**Exercise:**
The records below must be copied in full; omit the images.

**Information provided:**
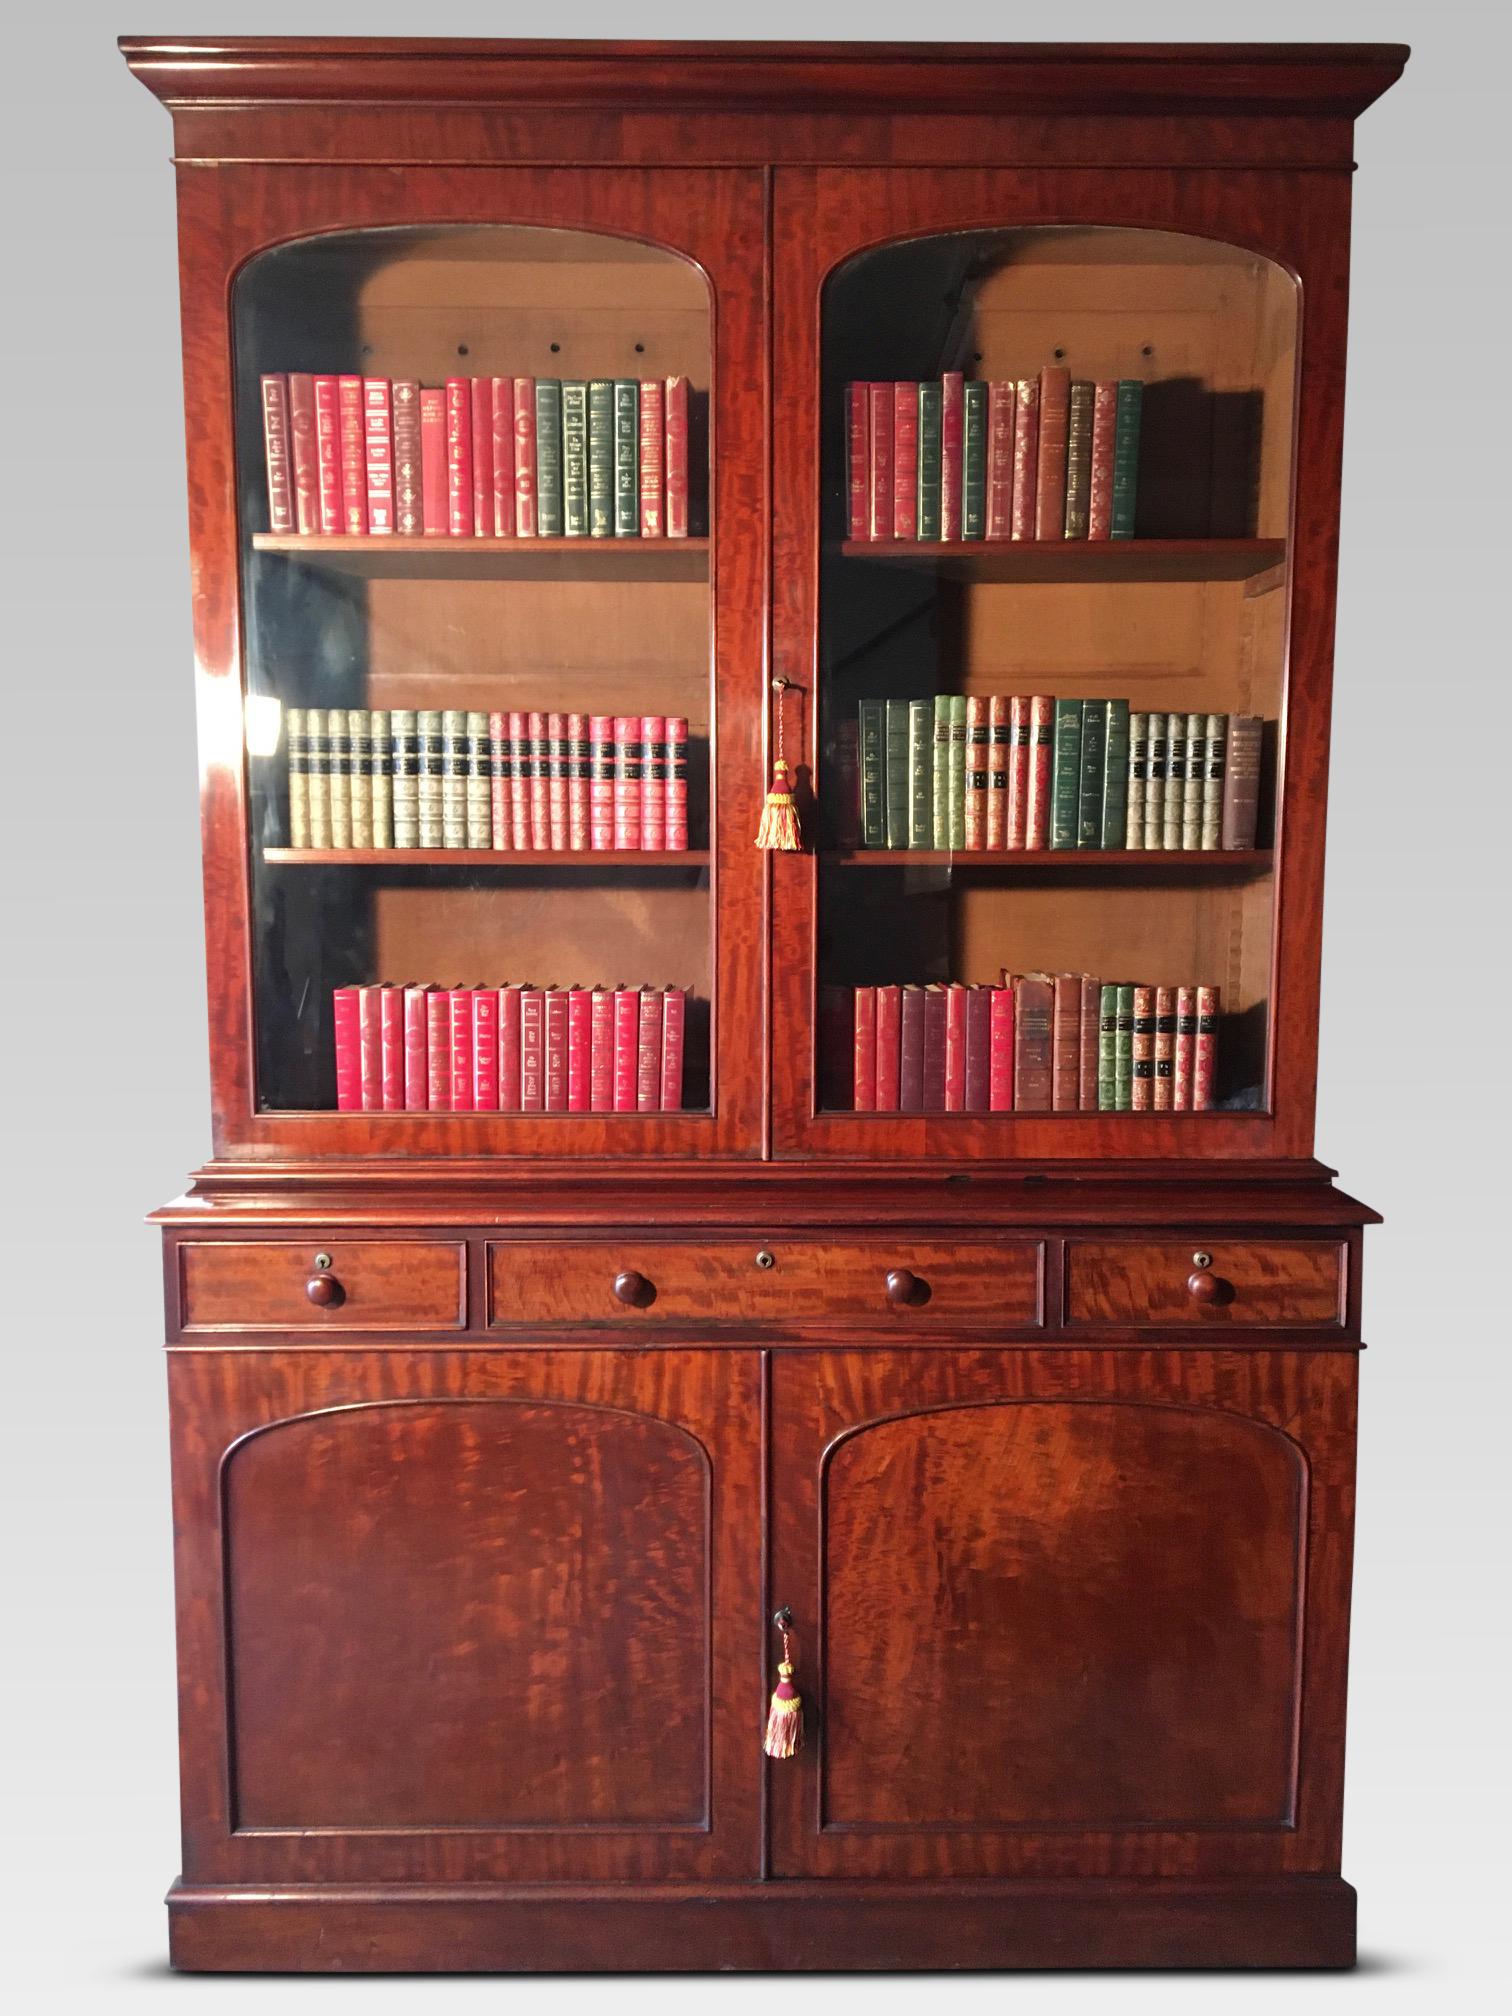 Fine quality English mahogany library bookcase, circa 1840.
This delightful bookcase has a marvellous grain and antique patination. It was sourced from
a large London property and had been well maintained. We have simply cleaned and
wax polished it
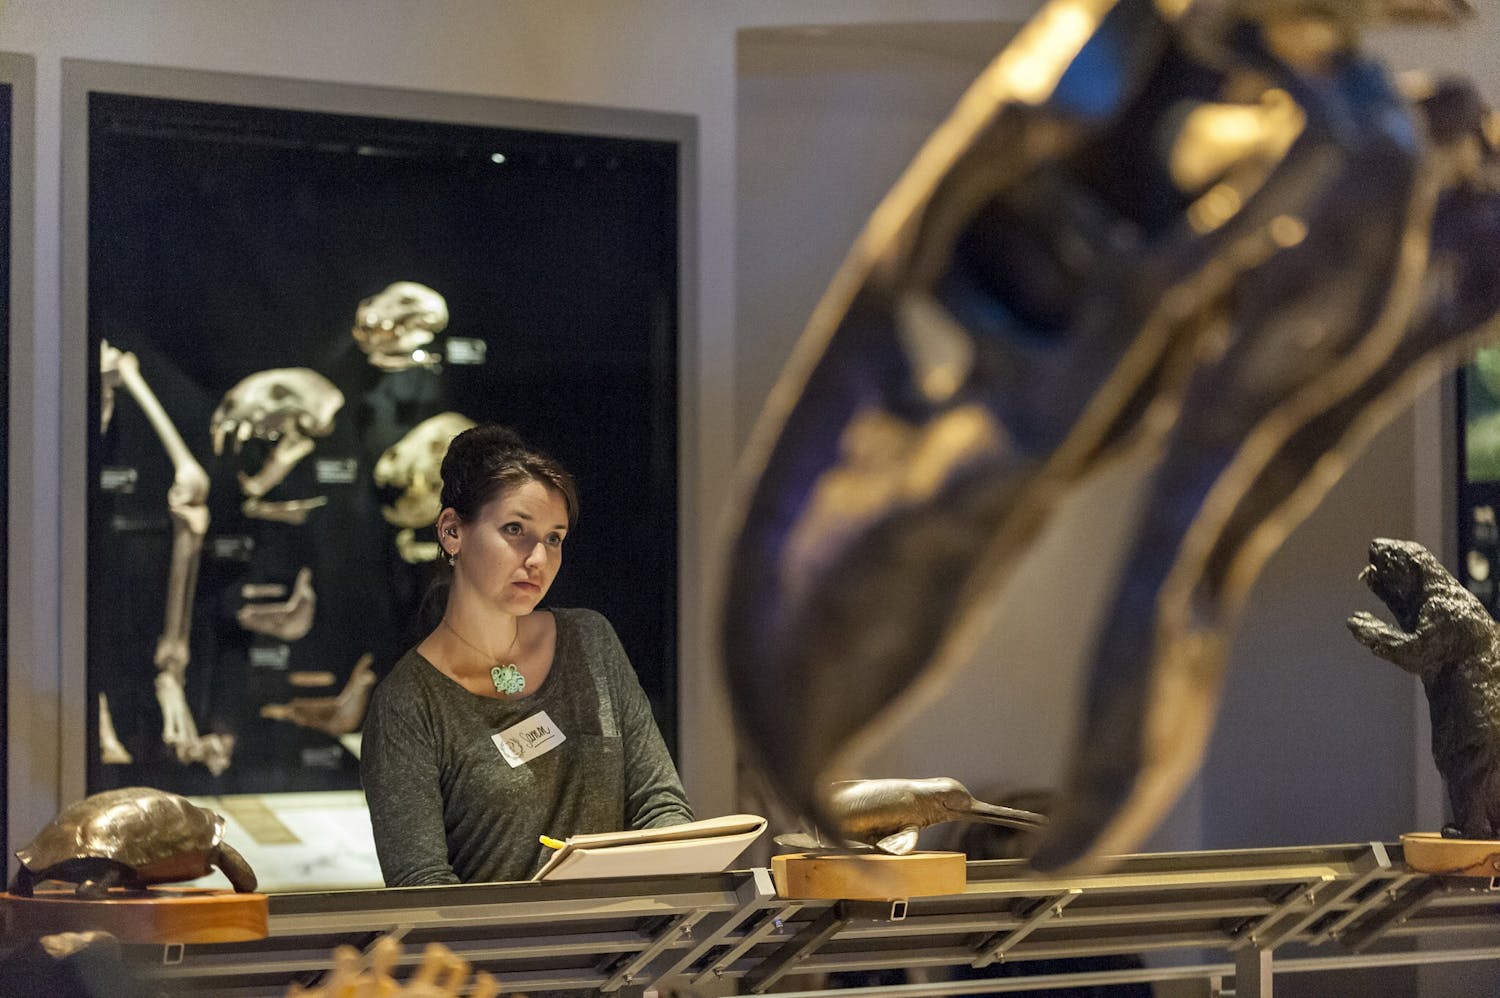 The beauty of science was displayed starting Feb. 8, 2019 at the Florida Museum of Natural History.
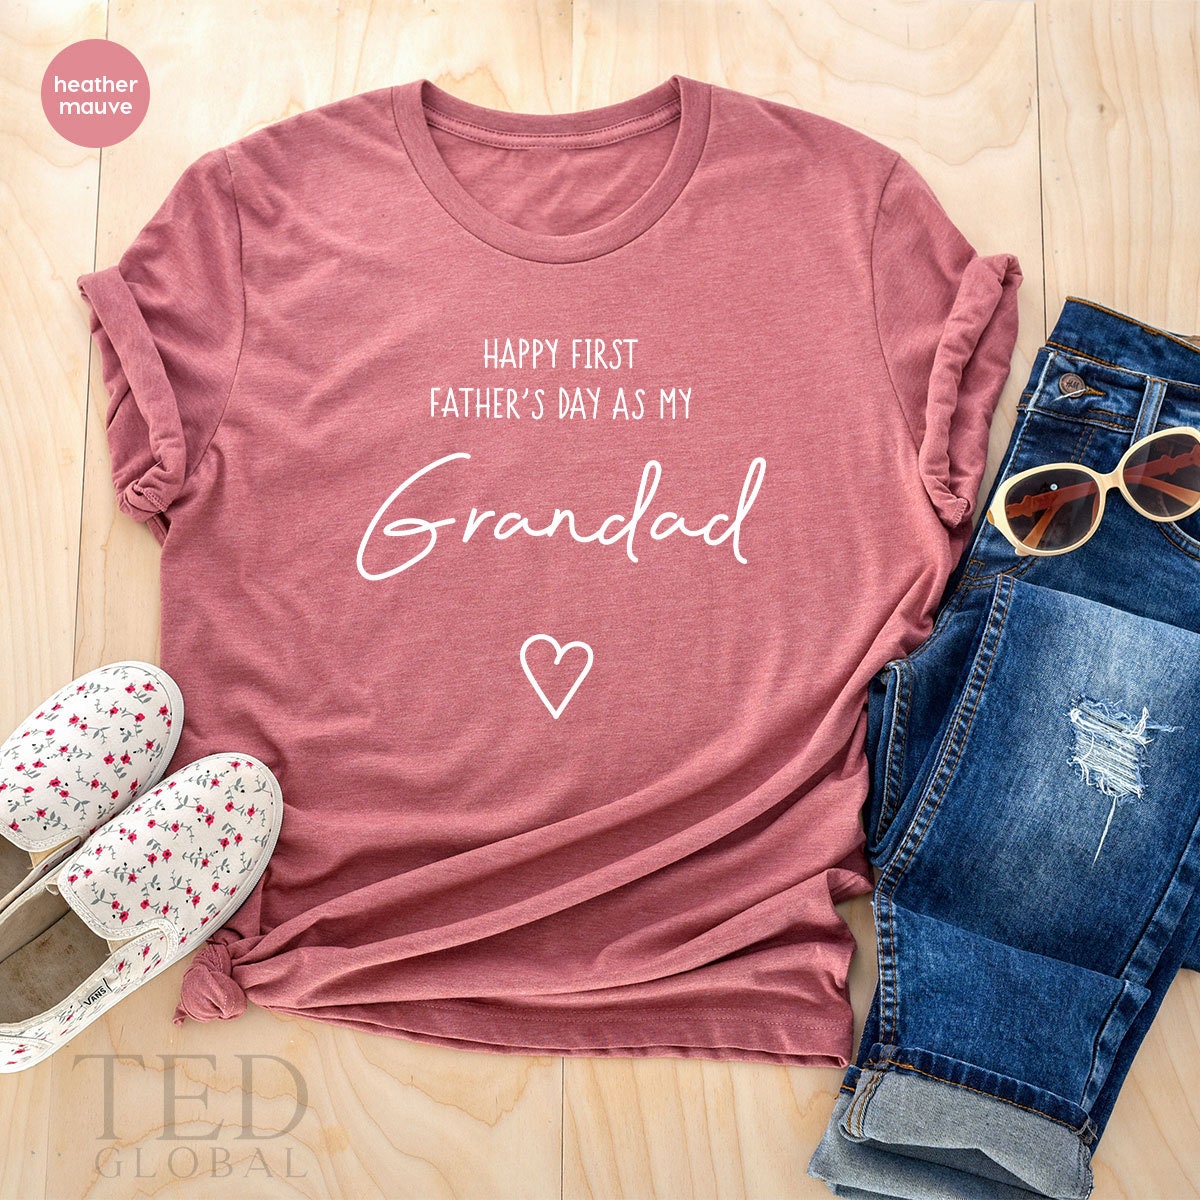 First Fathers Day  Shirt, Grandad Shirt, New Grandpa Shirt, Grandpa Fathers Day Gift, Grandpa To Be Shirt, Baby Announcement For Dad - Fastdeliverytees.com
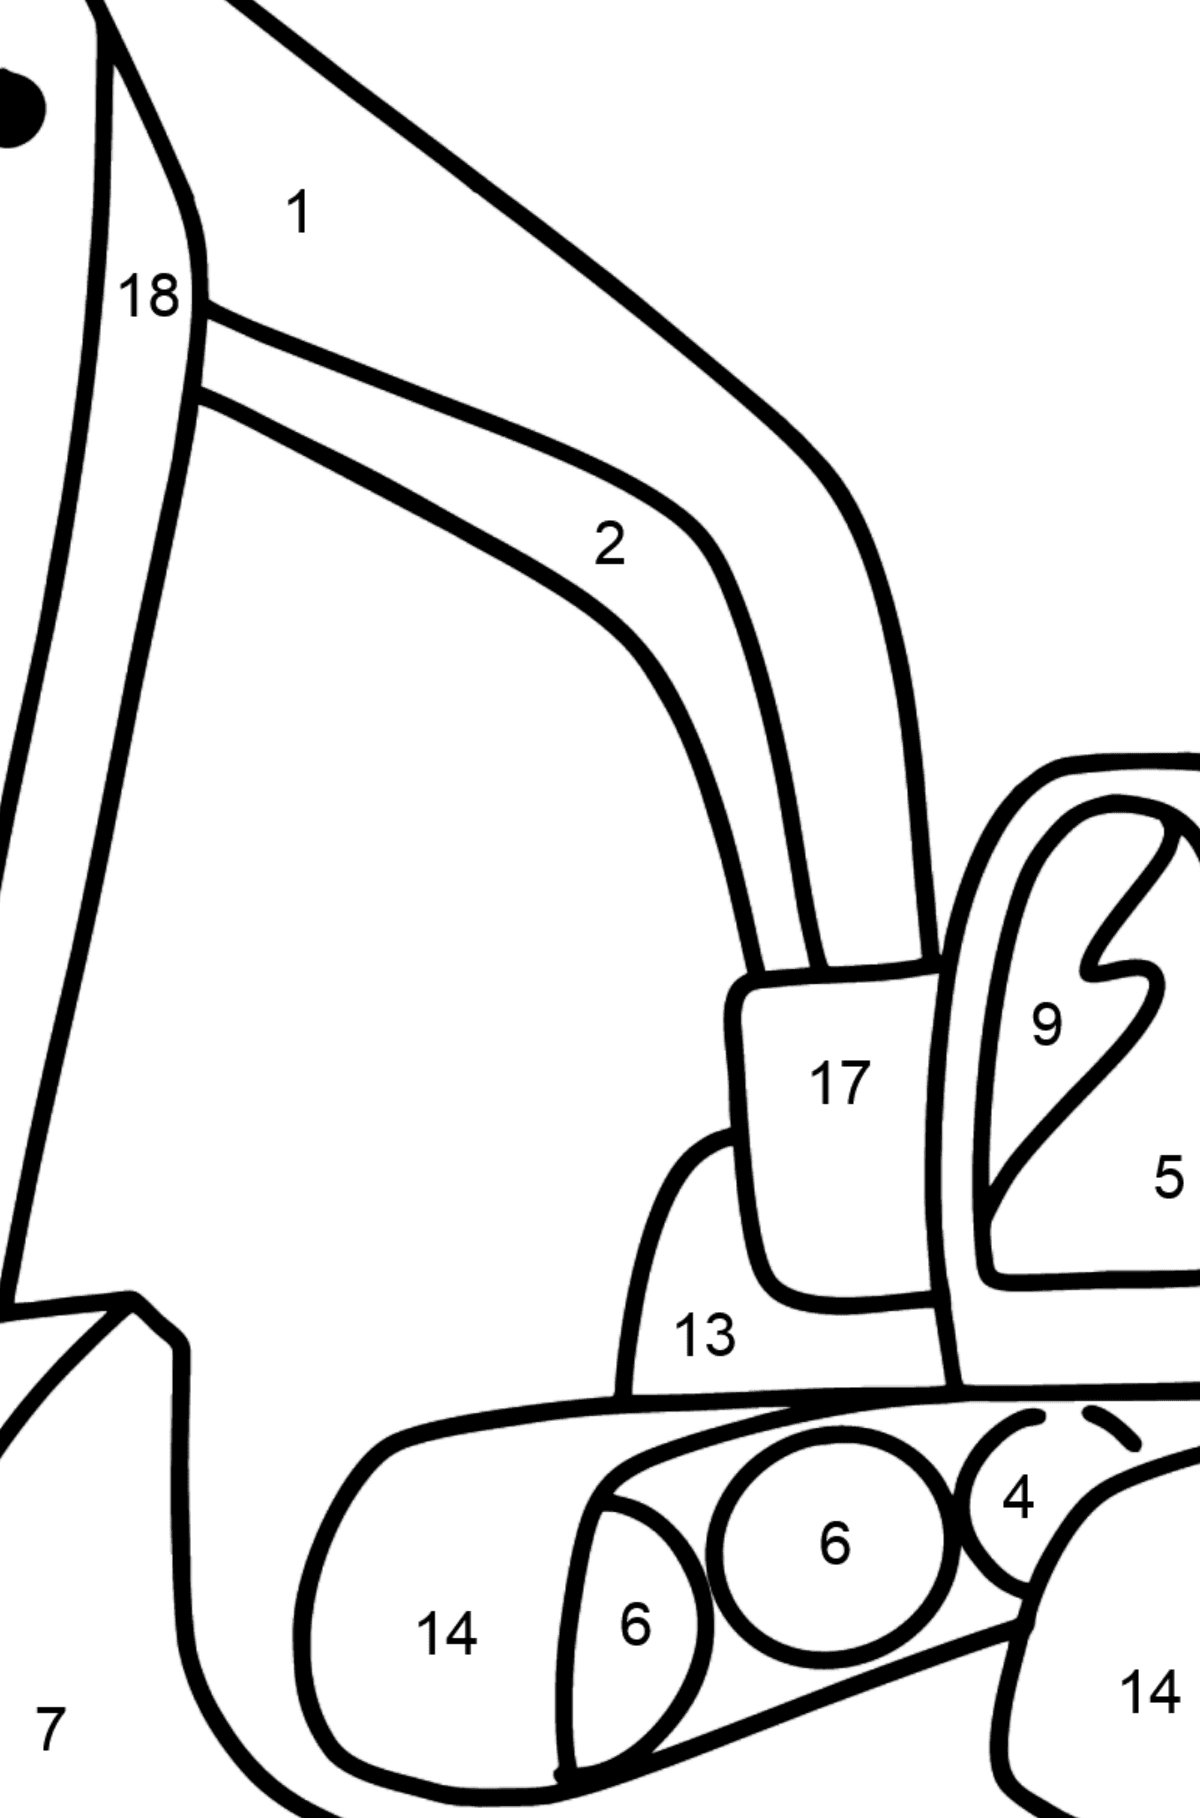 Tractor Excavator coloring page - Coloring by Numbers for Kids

**Result:**
 Fine quality English mahogany library bookcase, circa 1840.
This delightful bookcase has a marvellous grain and antique patination. It was sourced from
a large London property and had been well maintained. We have simply cleaned and
wax polished it
 The beauty of science was displayed starting Feb. 8, 2019 at the Florida Museum of Natural History.
 First Fathers Day  Shirt, Grandad Shirt, New Grandpa Shirt, Grandpa Fathers Day Gift, Grandpa To Be Shirt, Baby Announcement For Dad - Fastdeliverytees.com
 Tractor Excavator coloring page - Coloring by Numbers for Kids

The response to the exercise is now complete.